*** Opening Given information ***

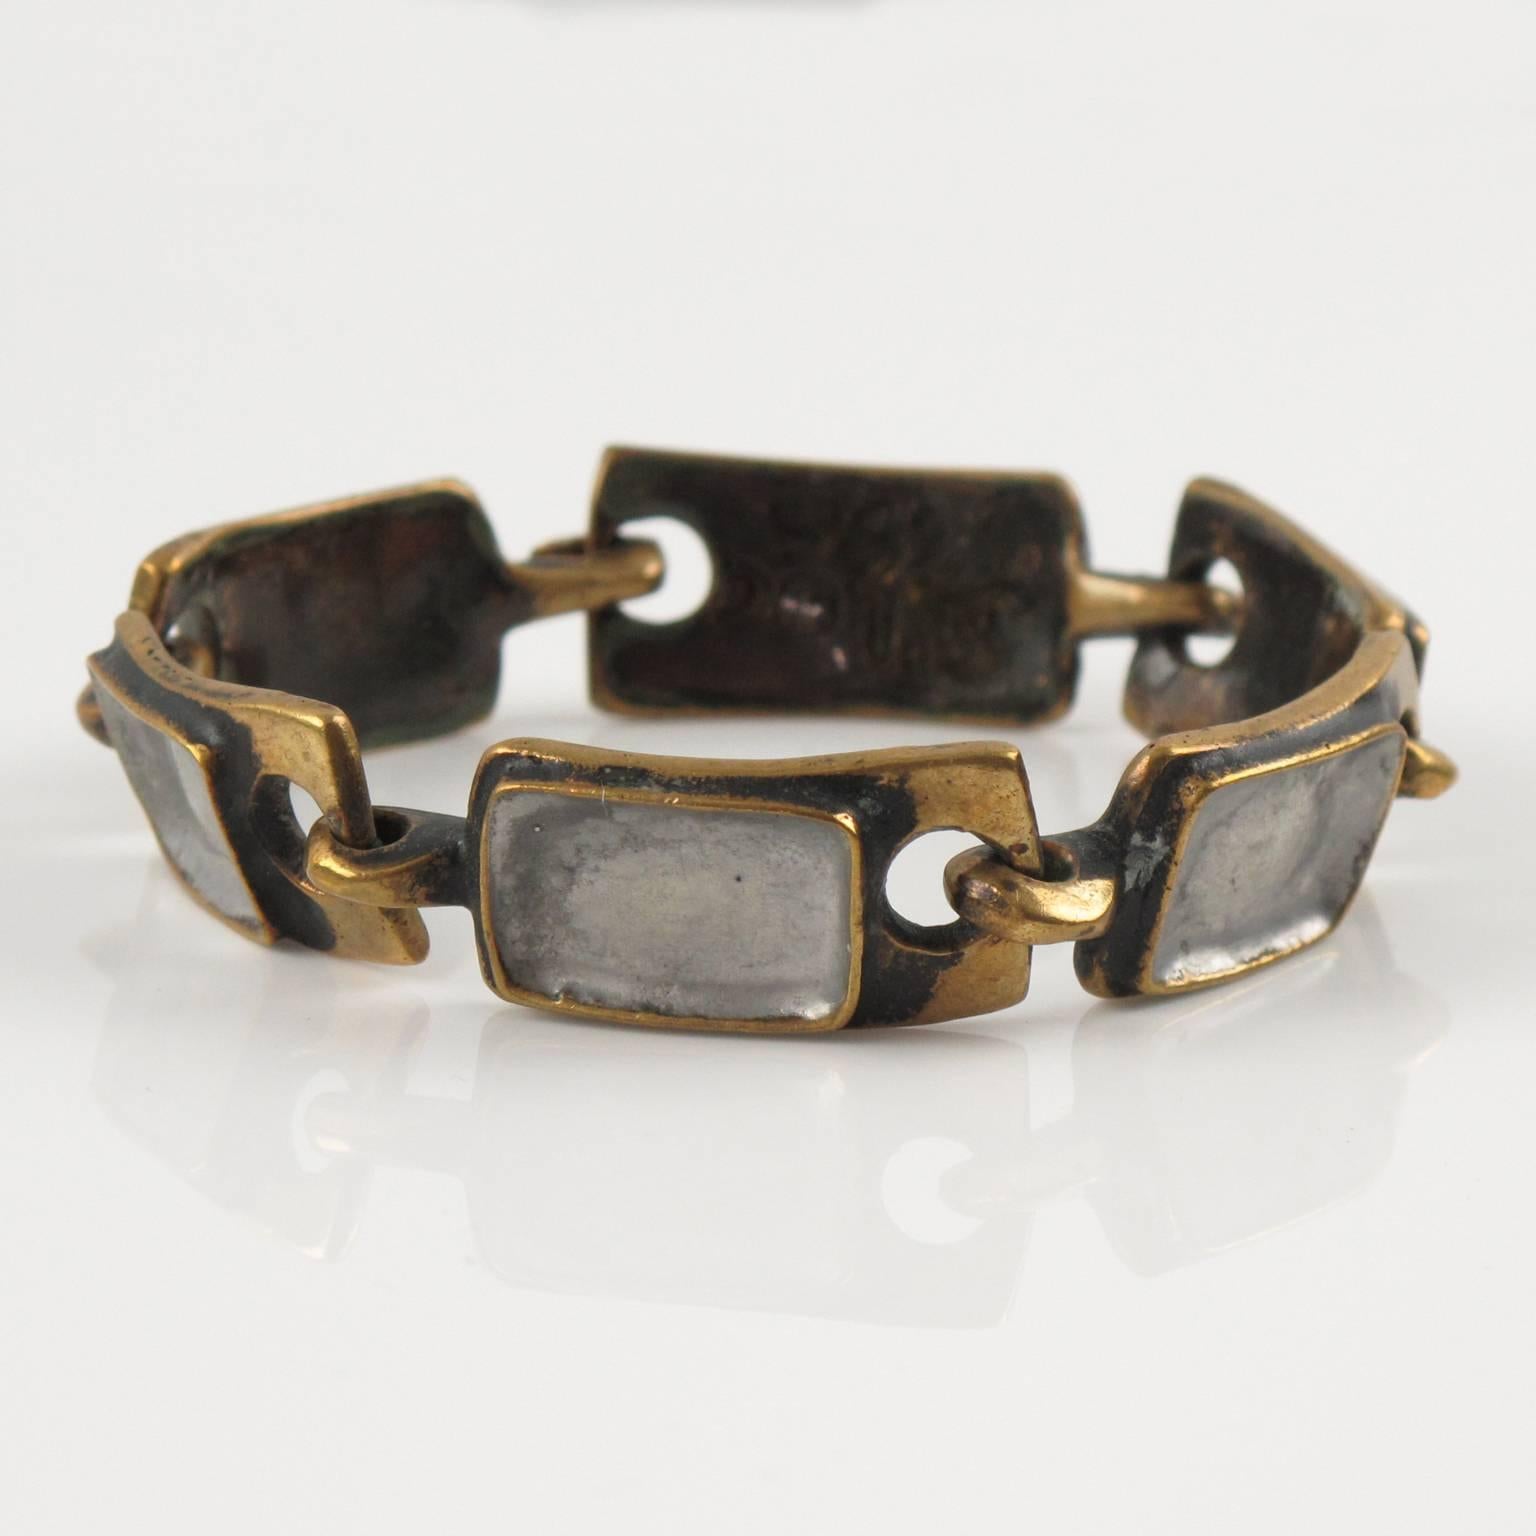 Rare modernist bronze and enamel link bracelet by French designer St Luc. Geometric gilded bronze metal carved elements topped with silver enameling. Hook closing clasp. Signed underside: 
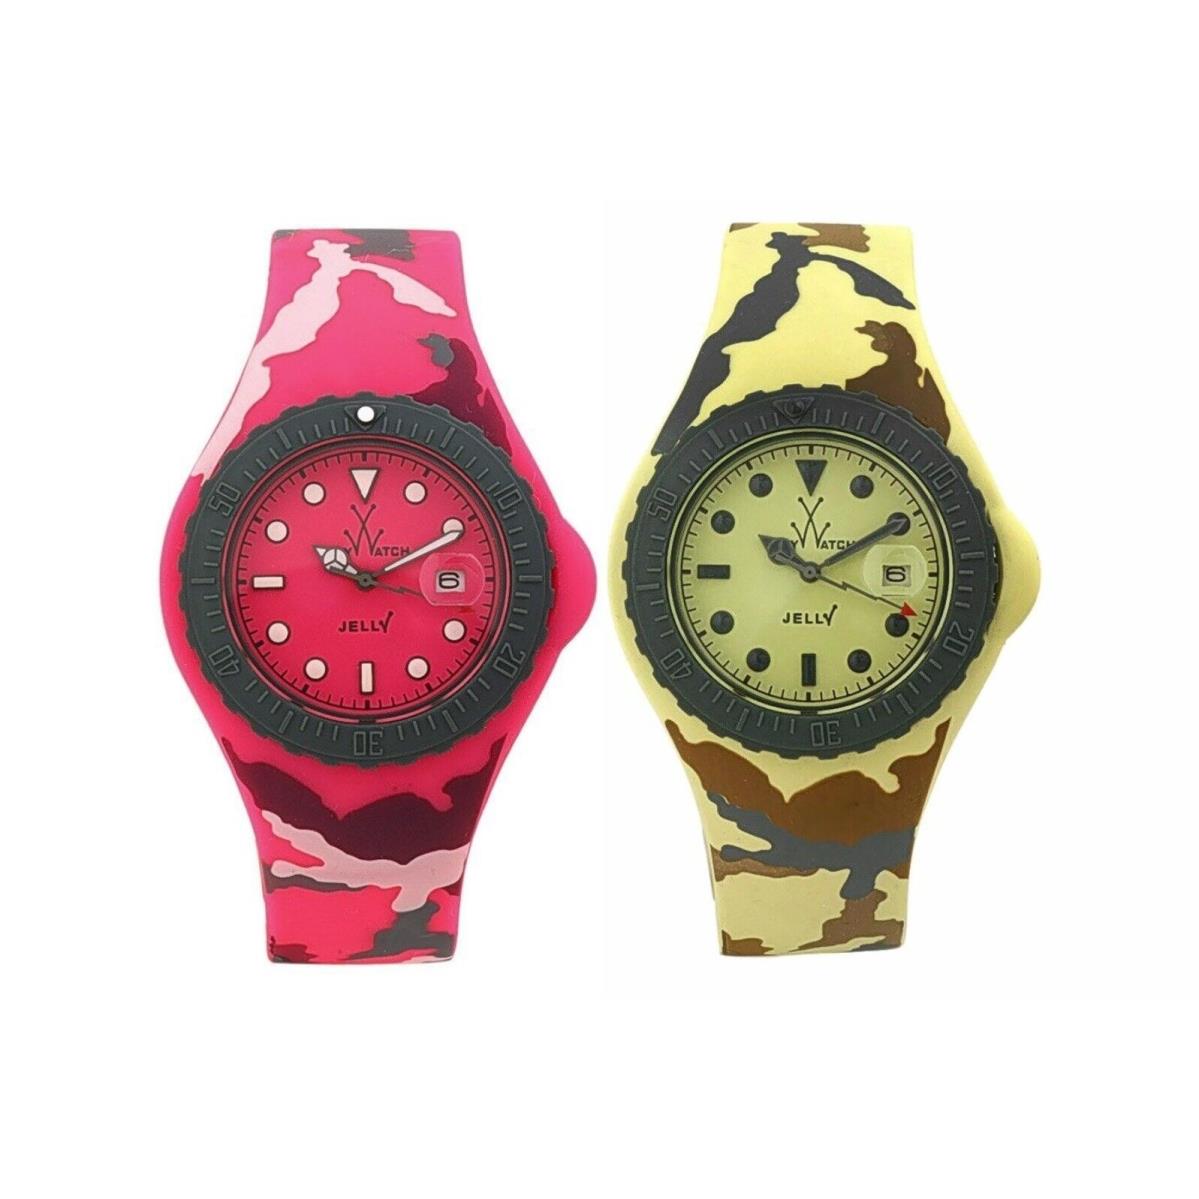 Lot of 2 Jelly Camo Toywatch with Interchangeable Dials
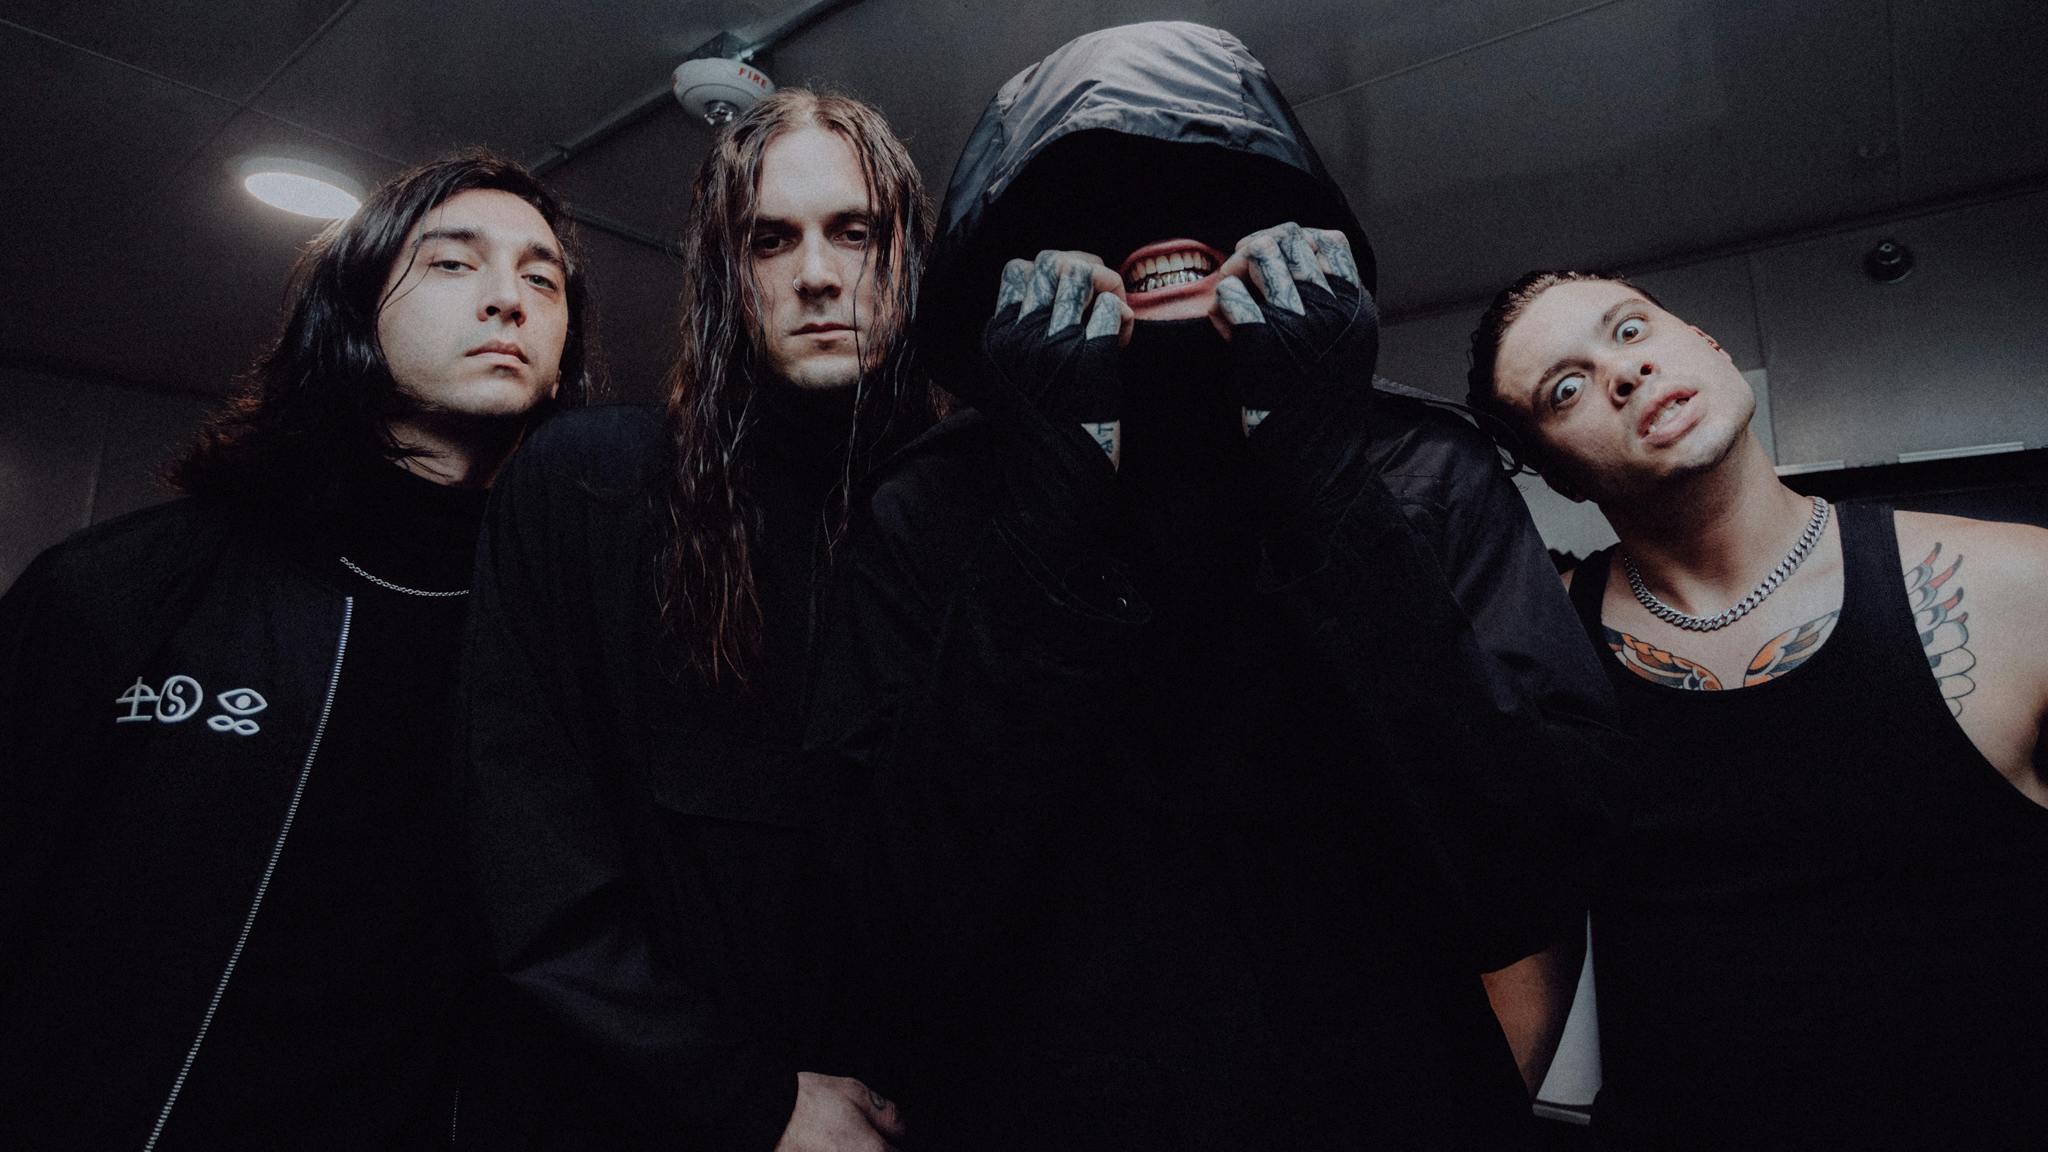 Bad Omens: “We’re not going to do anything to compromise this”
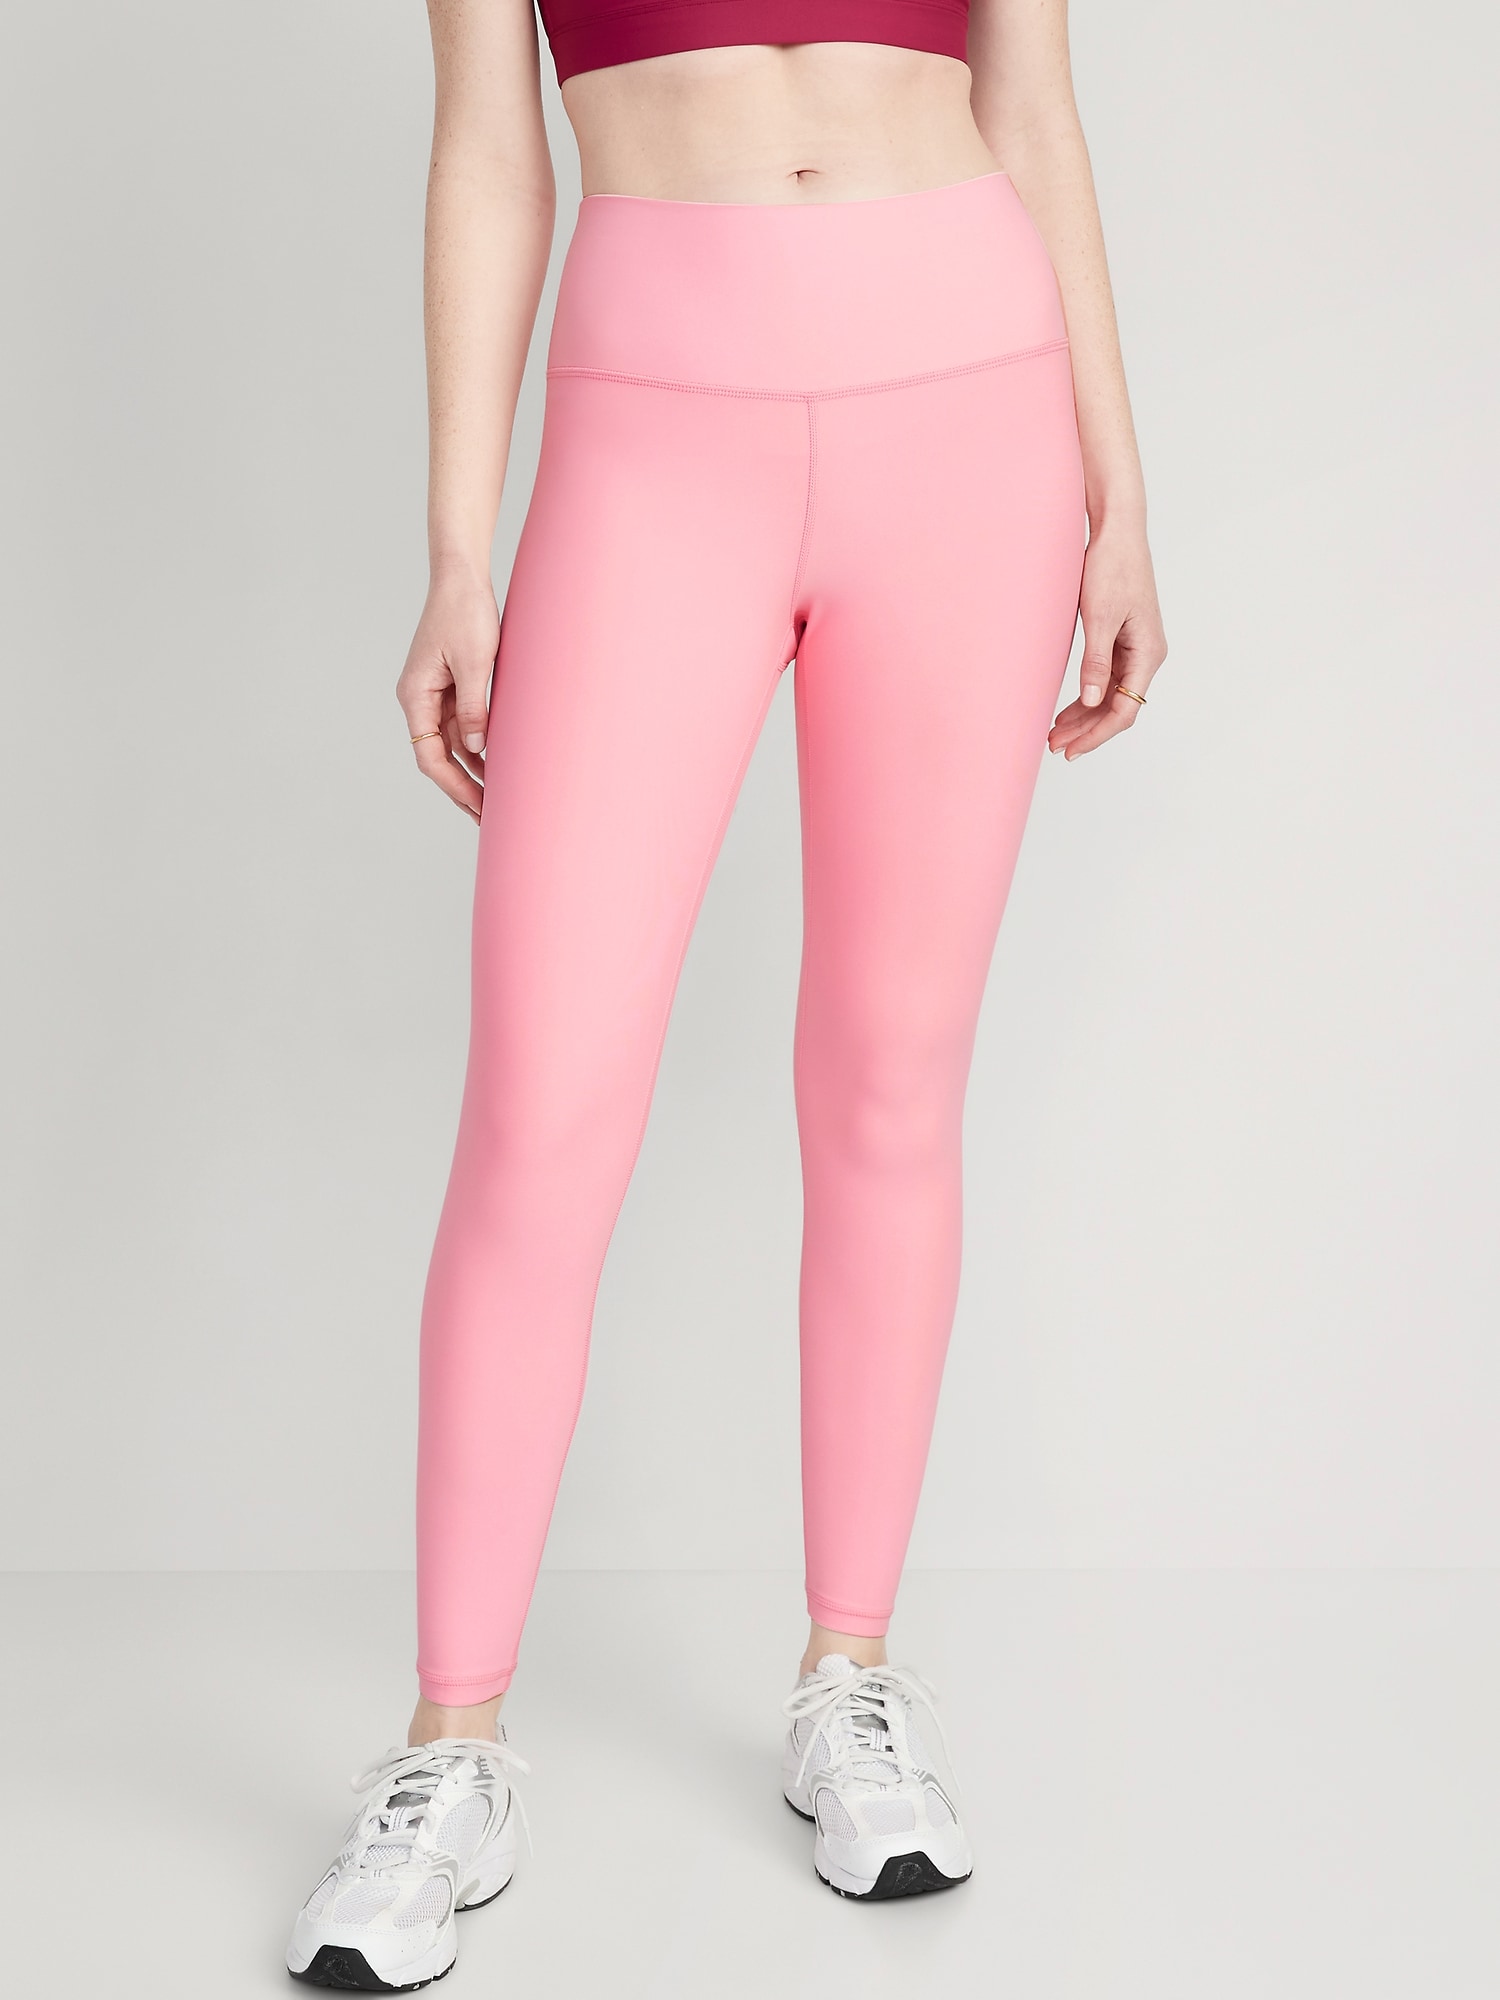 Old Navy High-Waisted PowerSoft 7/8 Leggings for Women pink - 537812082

*** Closing Given information ***

What the task requires: The answer must be the full listing, restated word for word, with no pictures in it.

Answer to this problem:
 Rare modernist bronze and enamel link bracelet by French designer St Luc. Geometric gilded bronze metal carved elements topped with silver enameling. Hook closing clasp. Signed underside: 
 Lot of 2 Jelly Camo Toywatch with Interchangeable Dials
 Bad Omens: “We’re not going to do anything to compromise this”
 Old Navy High-Waisted PowerSoft 7/8 Leggings for Women pink - 537812082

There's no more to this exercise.